[Your task]: Once you find the line with "THINK Business Podcast: Jon" in the data below, transcribe exactly each line from there to the line with "Dresses ... 4803b5ec98ea", inclusive, and nothing else. Drop the pictures.

[Data records]:

══════════

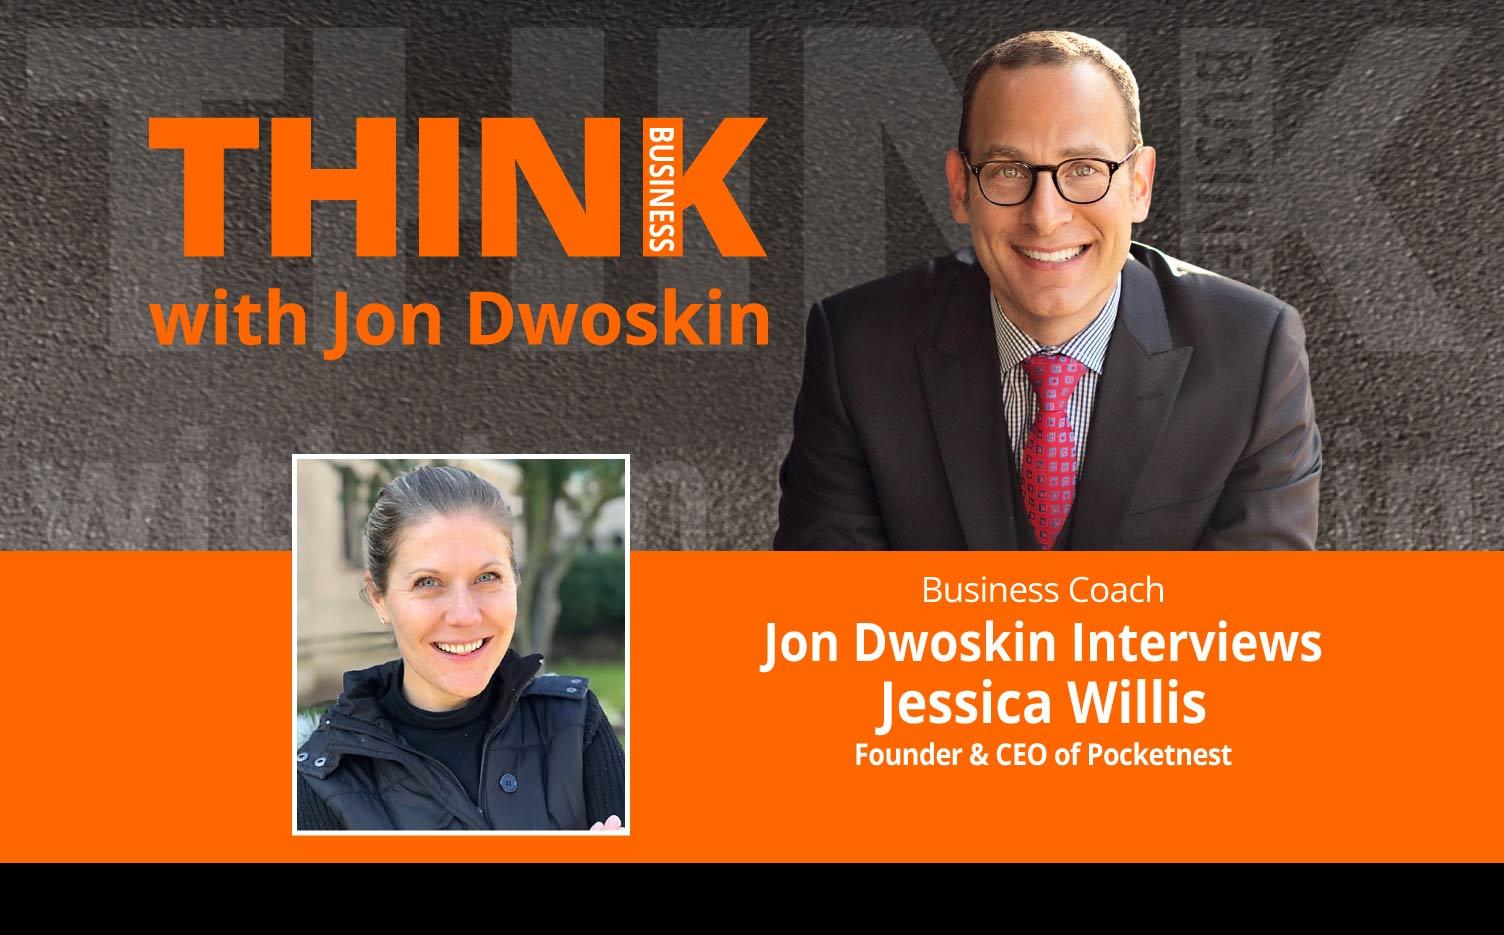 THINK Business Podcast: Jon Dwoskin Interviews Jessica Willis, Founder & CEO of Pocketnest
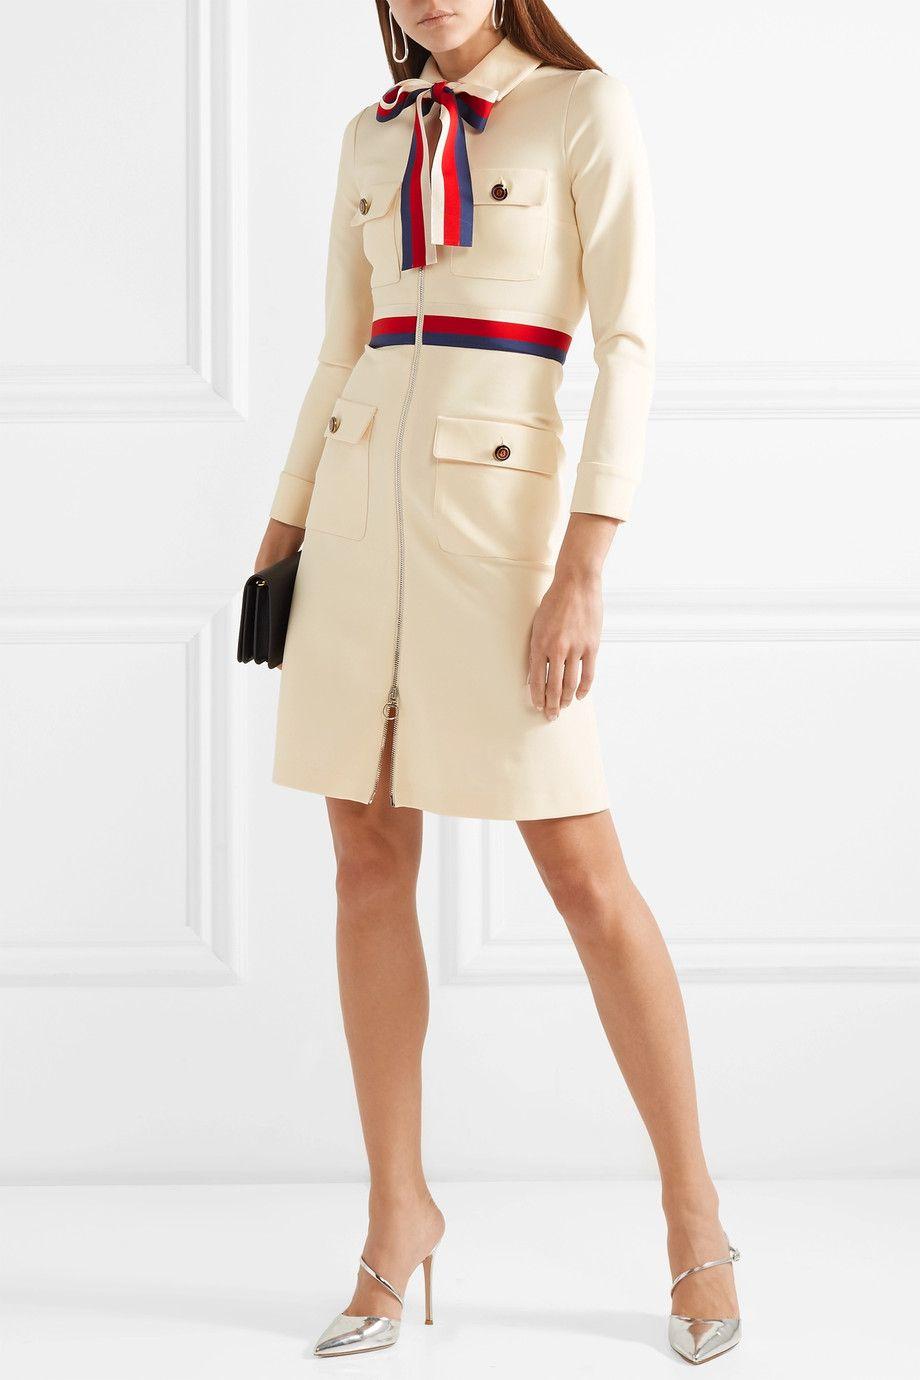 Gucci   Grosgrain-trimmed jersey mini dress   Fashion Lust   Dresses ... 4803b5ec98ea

══════════

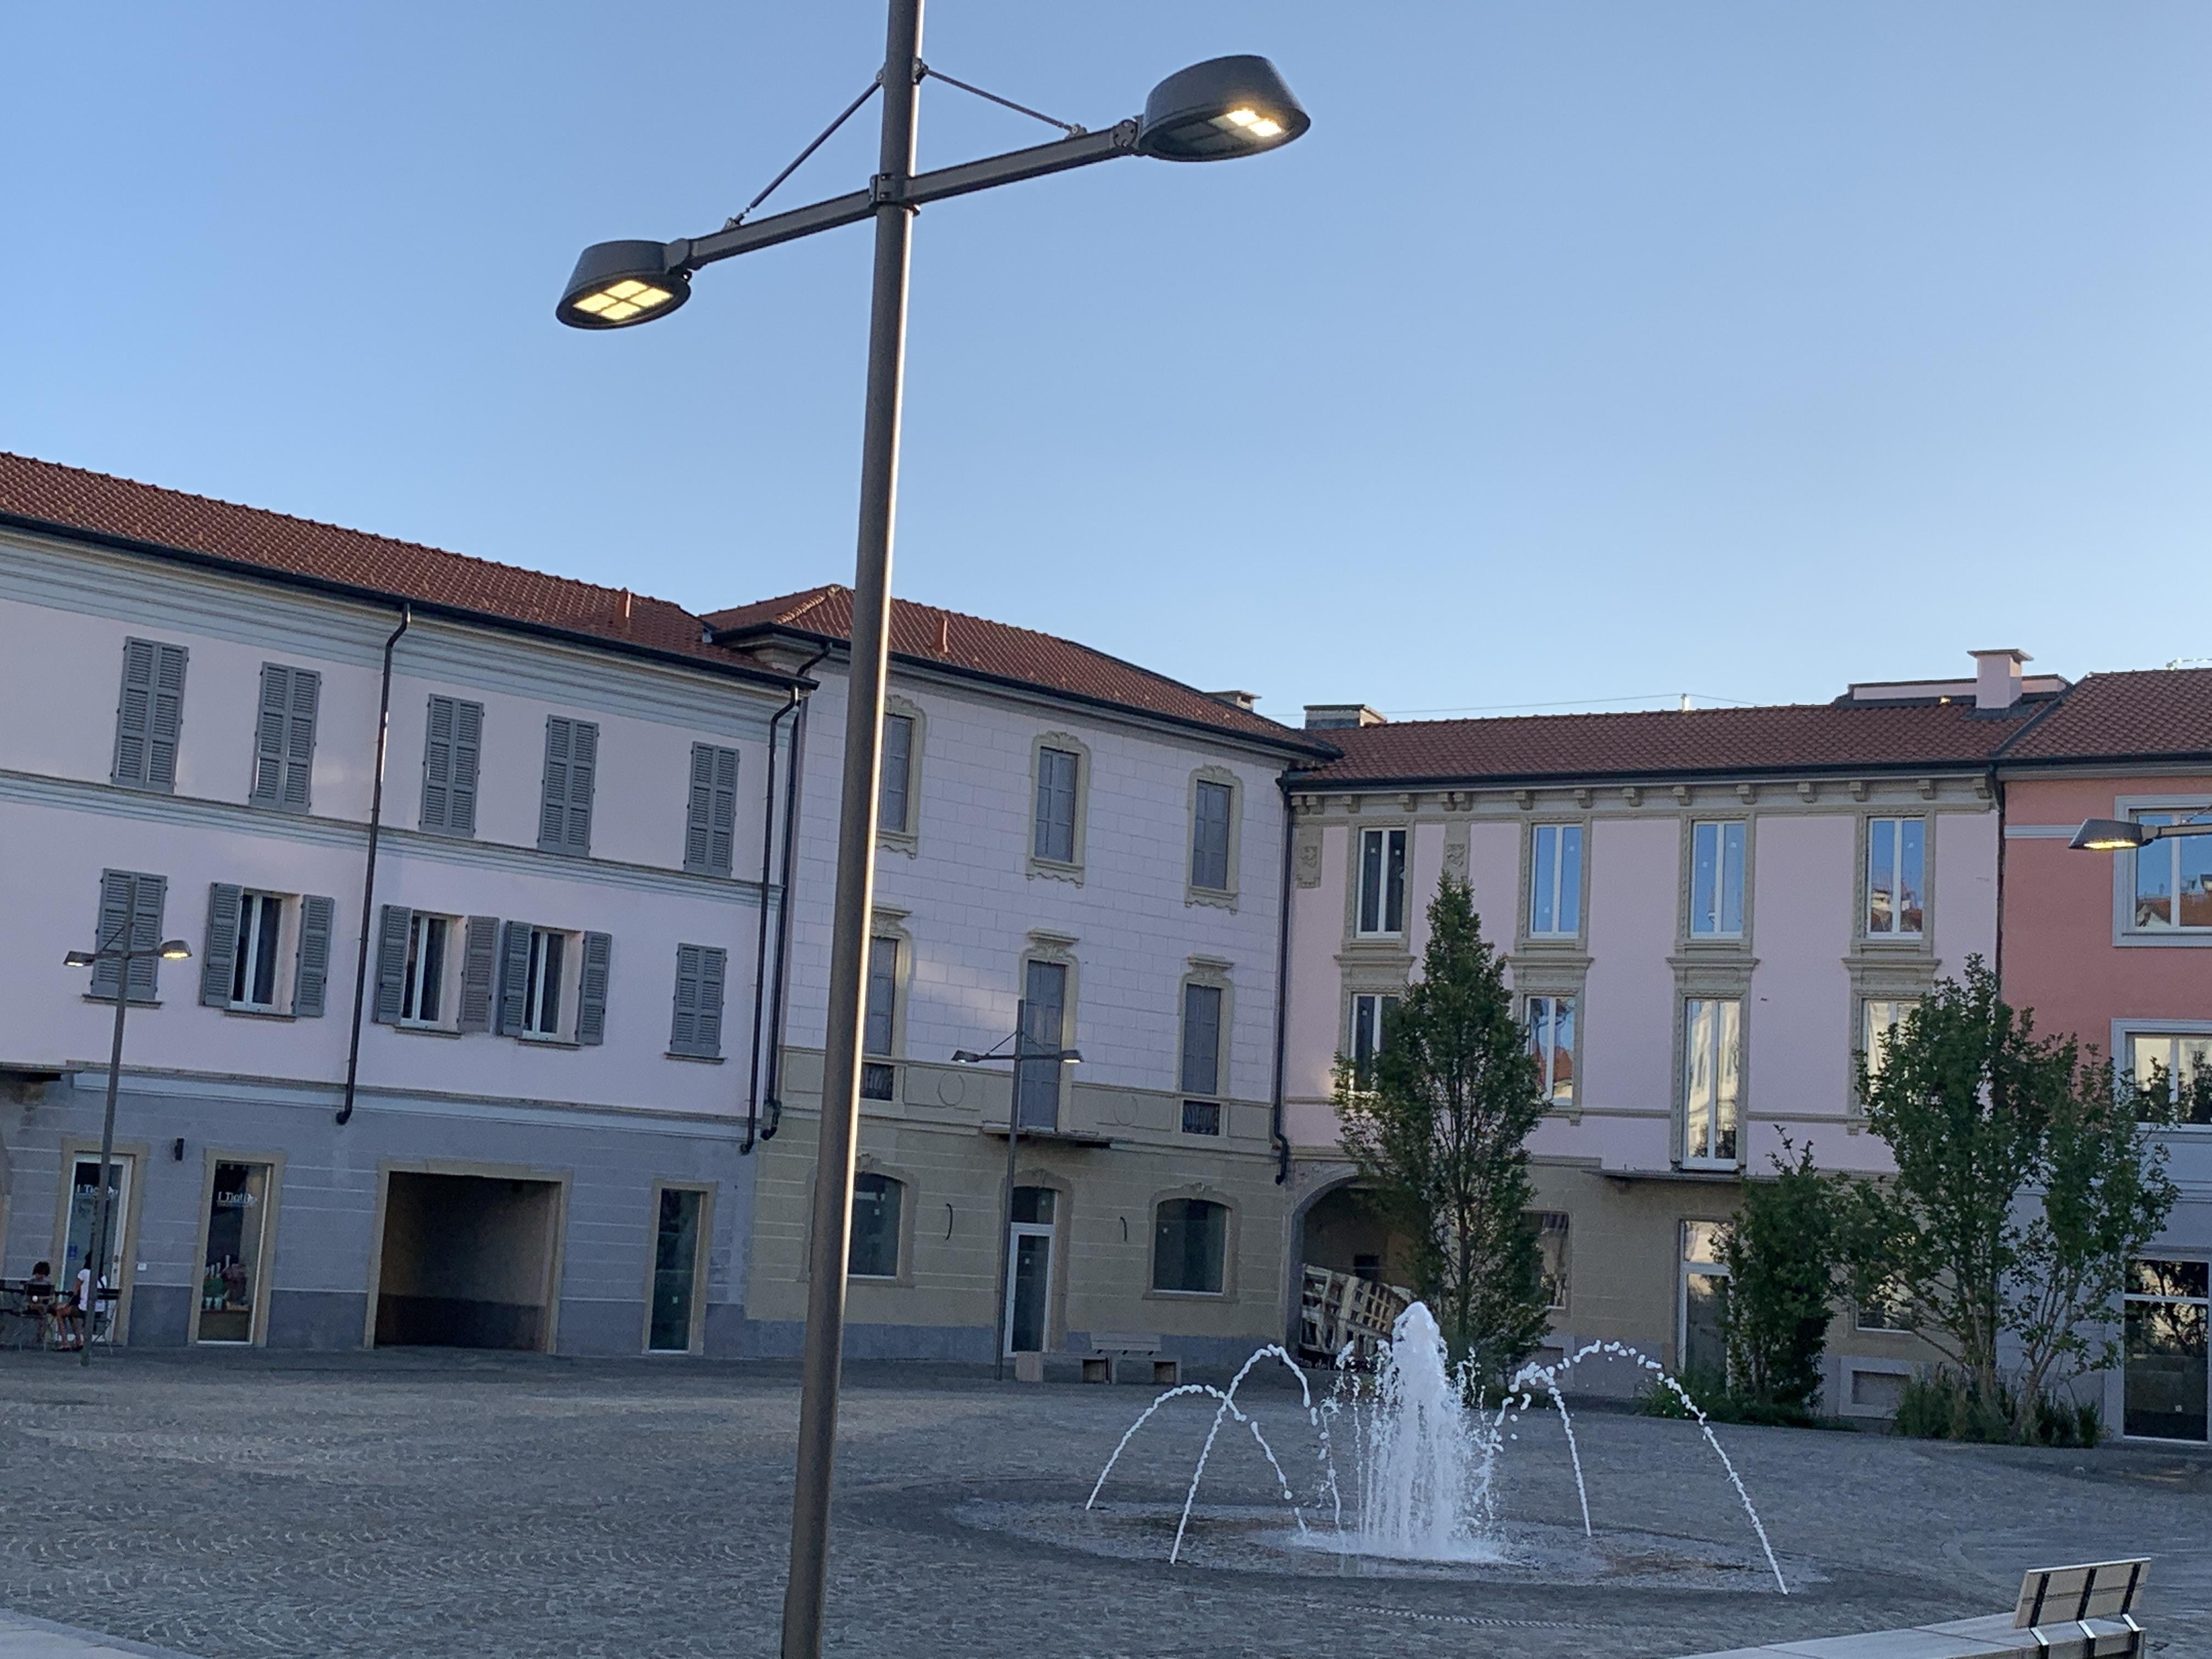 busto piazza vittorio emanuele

══════════

[Reply]:
 THINK Business Podcast: Jon Dwoskin Interviews Jessica Willis, Founder & CEO of Pocketnest
 Gucci   Grosgrain-trimmed jersey mini dress   Fashion Lust   Dresses ... 4803b5ec98ea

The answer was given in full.